In the downstream area, Chl a dynamics were sensitive to water temperature (WT), discharge (Q) and total phosphorus (TP), and were dominated by total phosphorus (TP) with its high sensitivity value at 1.25. In the upstream area, water temperature (WT) was the most sensitive variable with a sensitivity value of 0.32. The sensitivity values of several input variables (e.g., WT) had wide ranges.

Discussion

Performance of the ANN models

The model fit of ANN_Downstream (Table 3) was acceptable compared with previous case studies on Chl a predictions in two reviews (Arhonditsis and Brett 2004; Phillips et al. 2008). This acceptable model fit of ANN_Downstream was mainly attributed to the reasonable clustering of the sampling sites and the high potential of the ANN technique in simulating phytoplankton dynamics. It also demonstrated the high potential of the ANN technique in modeling aquatic systems with limited prior knowledge. It is particularly useful in case studies where the process mechanism has not been adequately studied and good model fits are preferred. However, the model fits of these three ANN models (Table 3) were not as good as the model fits of other water quality models using the ANN technique (Panda et al. 2010; Singh et al. 2009).

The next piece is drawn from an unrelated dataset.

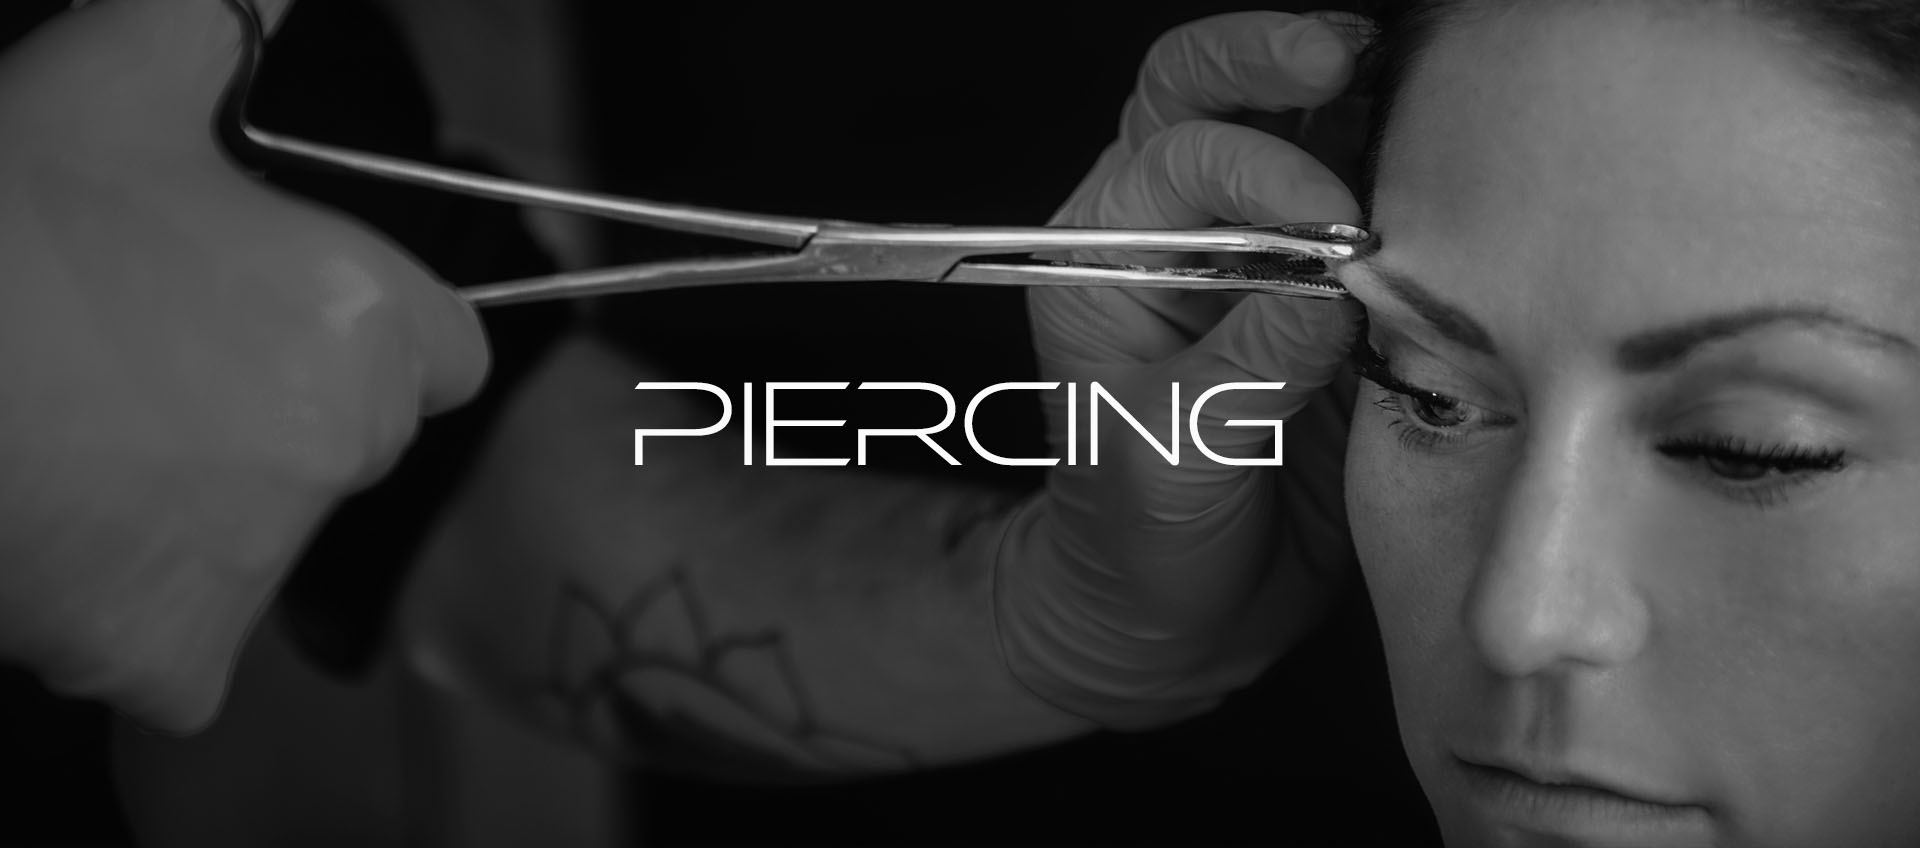 piercing_
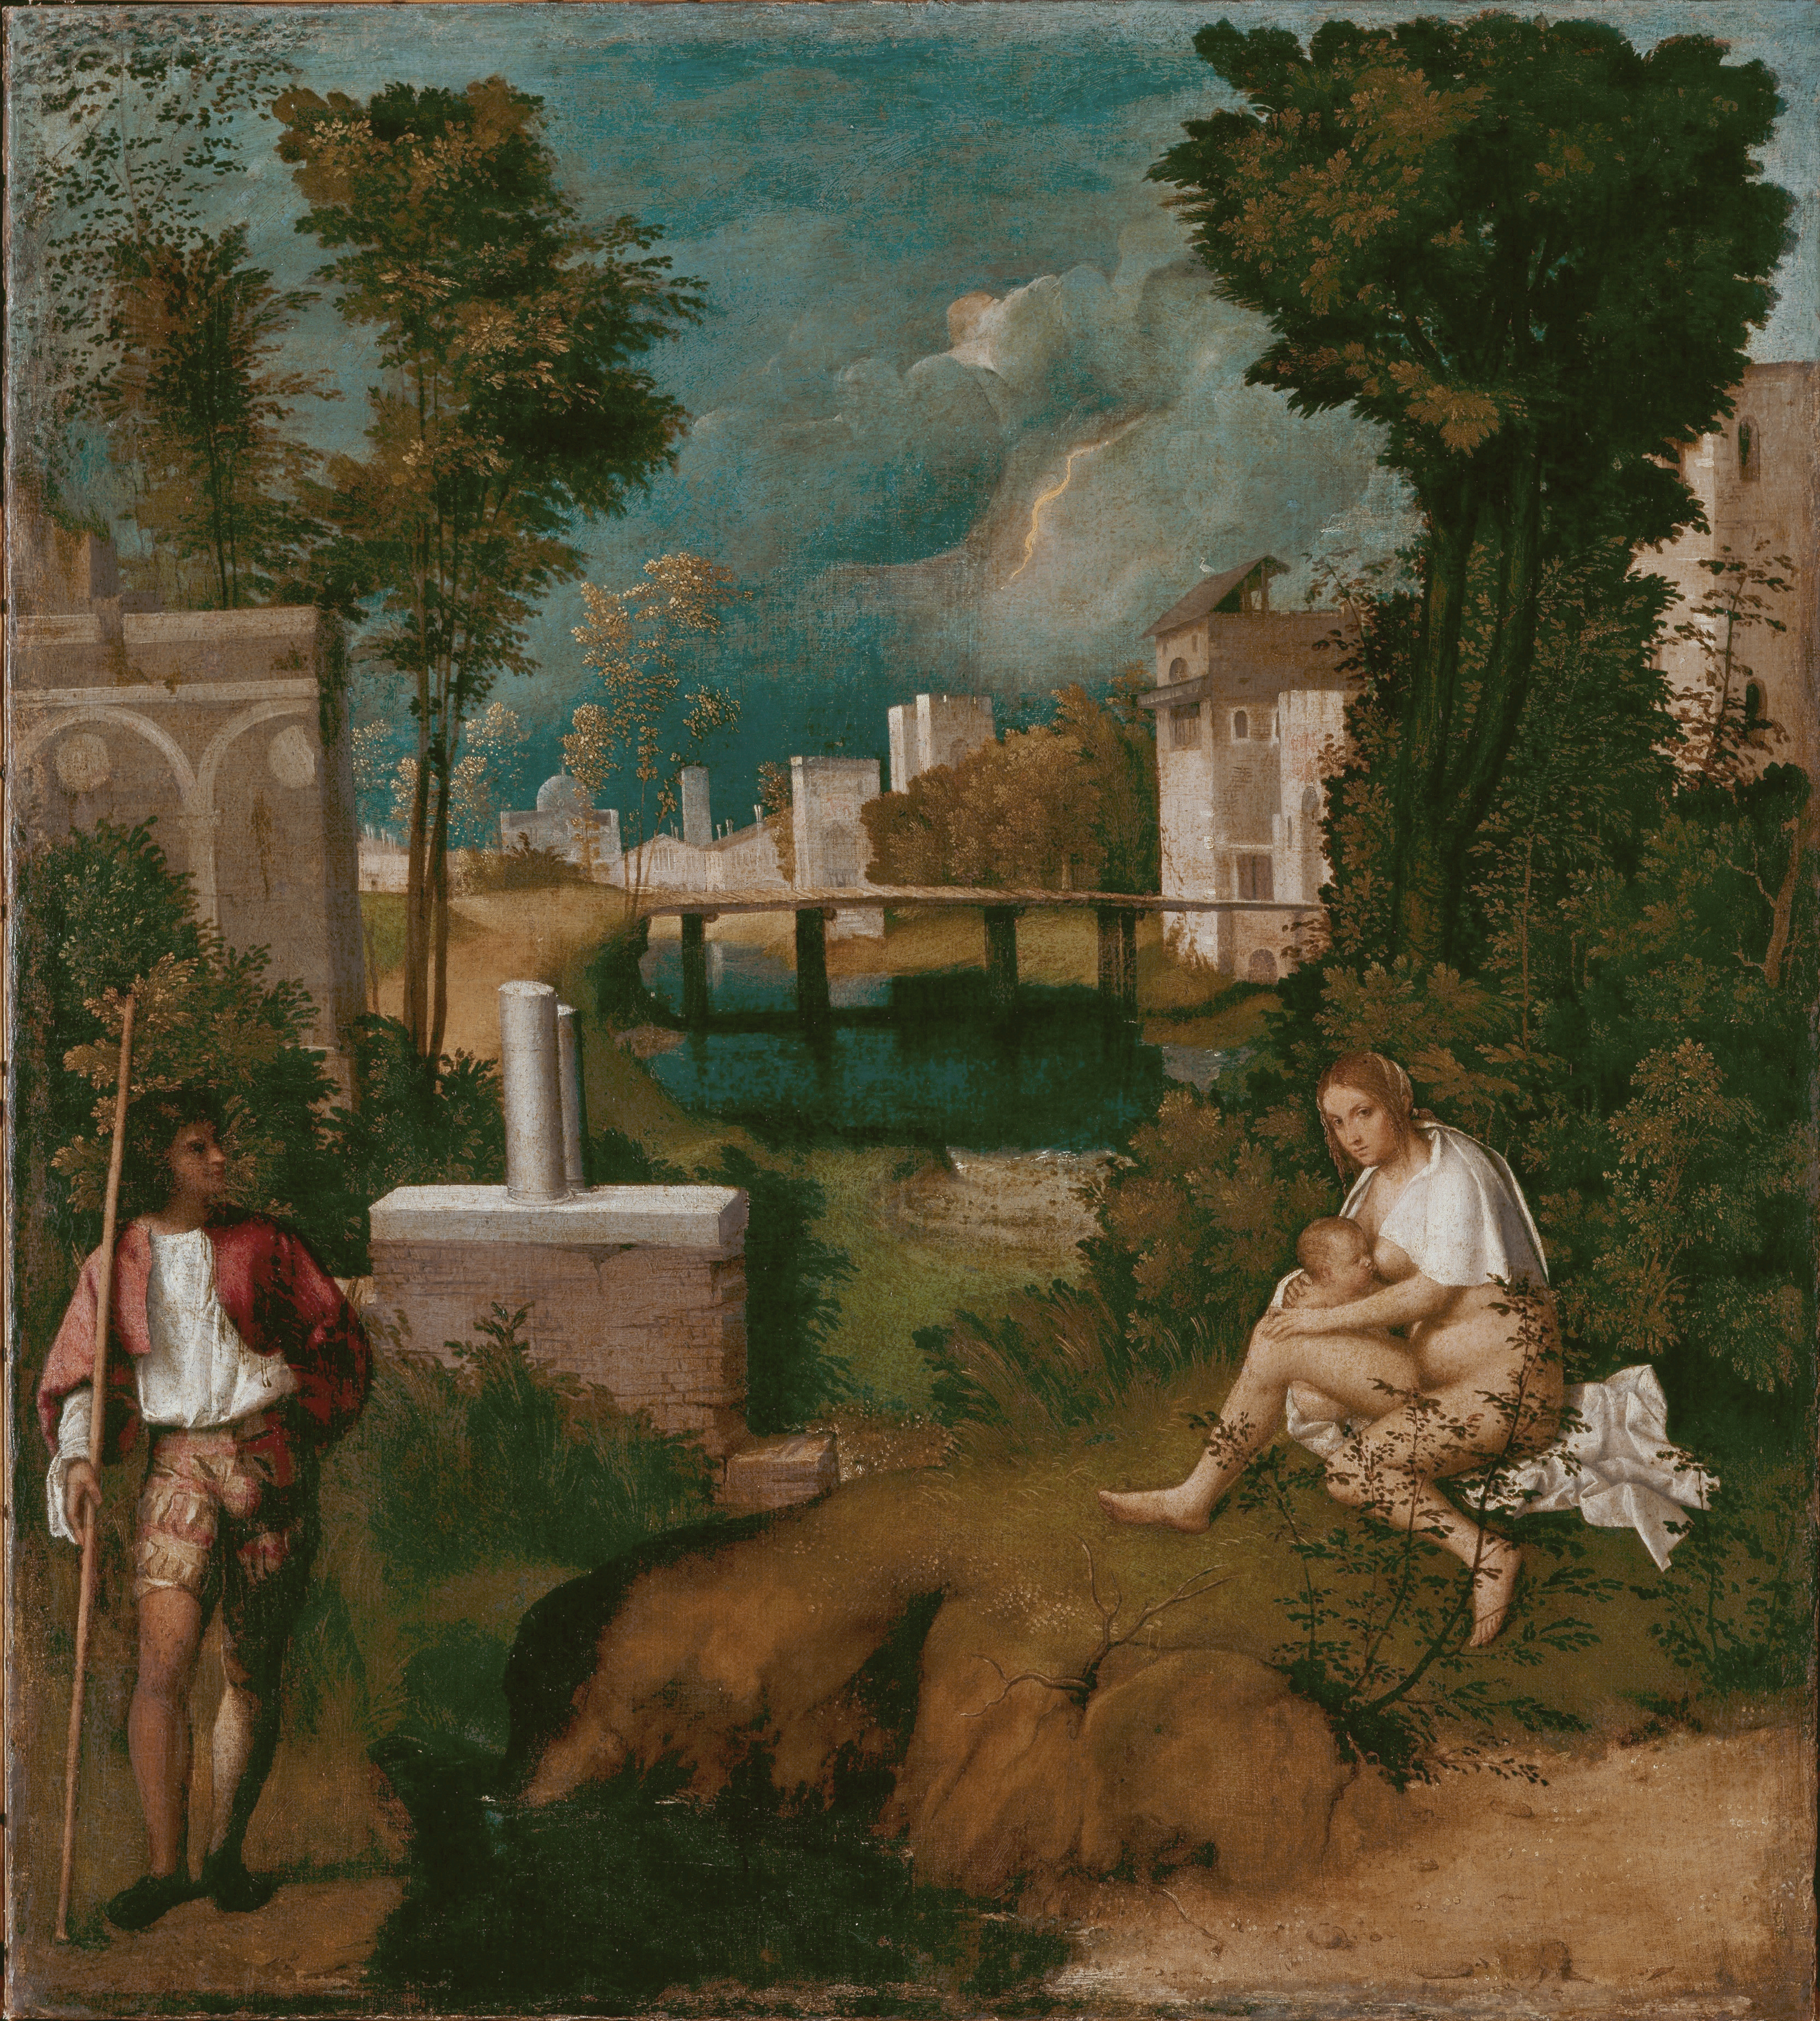 https://upload.wikimedia.org/wikipedia/commons/8/8f/Giorgione_019.jpg

This is because the phytoplankton dynamics in such a large lake, influenced by intensive human activity, are very complex and challenging to predict (Huang et al. 2014).

The sample amount was not large compared with previous case studies using ANN models (see the review by Maier and Dandy 2000; Maier et al. 2010). However, the cross-validation method was used to alleviate data limitation, and resulted in seven ANN models for each ANN model. Their model fits did not vary considerably, implying the reliability of these ANN models. Some methodological issues (e.g., data pre-processing, selection of input variables, determination of network architecture and choice of performance criteria) were determined based on previous studies (Bowden et al. 2005; Maier et al. 2010).

Contribution of clustering to ANN models

Based on the clustering results of 17 sampling sites, the Chl a dynamics in the upstream and downstream areas were simulated using ANN_Downstream and ANN_Upstream, respectively. The better performance of these two ANN models than ANN_Poyang (Table 3) indicated that the partition of the sampling sites was reasonable and necessary for such a large lake as Lake Poyang. The study demonstrated a successful clustering of spatial sites in a lake using the k-means clustering method, and was a primary step for the ANN technique in describing spatial heterogeneity. Modelers from other disciplines are encouraged to couple ANN with clustering techniques for modeling other target variables (e.g., precipitation and flow discharge) with high spatial heterogeneity. Many other clustering methods, such as self-organizing map, hierarchical clustering and the subtractive clustering method used in previous studies, could also be used for spatial clustering of a lake (Doan et al. 2005).

The relatively low model fit of ANN_Upstream implies that spatial differences of the Chl a dynamics at sites 9–17 (Fig. 1) existed. Further partition of these sampling sites would be helpful to improve the model fit. However, this was not carried out in this study due to the limited amount of field data. This shortage could be overcome with an increasing amount of measured data.

Influences of environmental conditions on chlorophyll a dynamics

Phytoplankton growth is widely recognized to be limited by temperature, nutrients and photosynthetically active radiation in lakes (Arhonditsis and Brett 2005; Fragoso et al. 2008). However, algal blooms have so far rarely been found in Lake Poyang, even with a relatively high nutrient concentration for phytoplankton growth. The sensitivity analysis results (Fig. 7) showed that hydrological conditions were important factors affecting phytoplankton growth in the downstream area of Lake Poyang. This conclusion was in agreement with previous studies on other lake ecosystems (Rangel et al. 2012; Souza Cardoso and Motta Marques 2009). From this perspective, the inclusion of hydrodynamic conditions is necessary for a proper prediction of phytoplankton biomass in Lake Poyang.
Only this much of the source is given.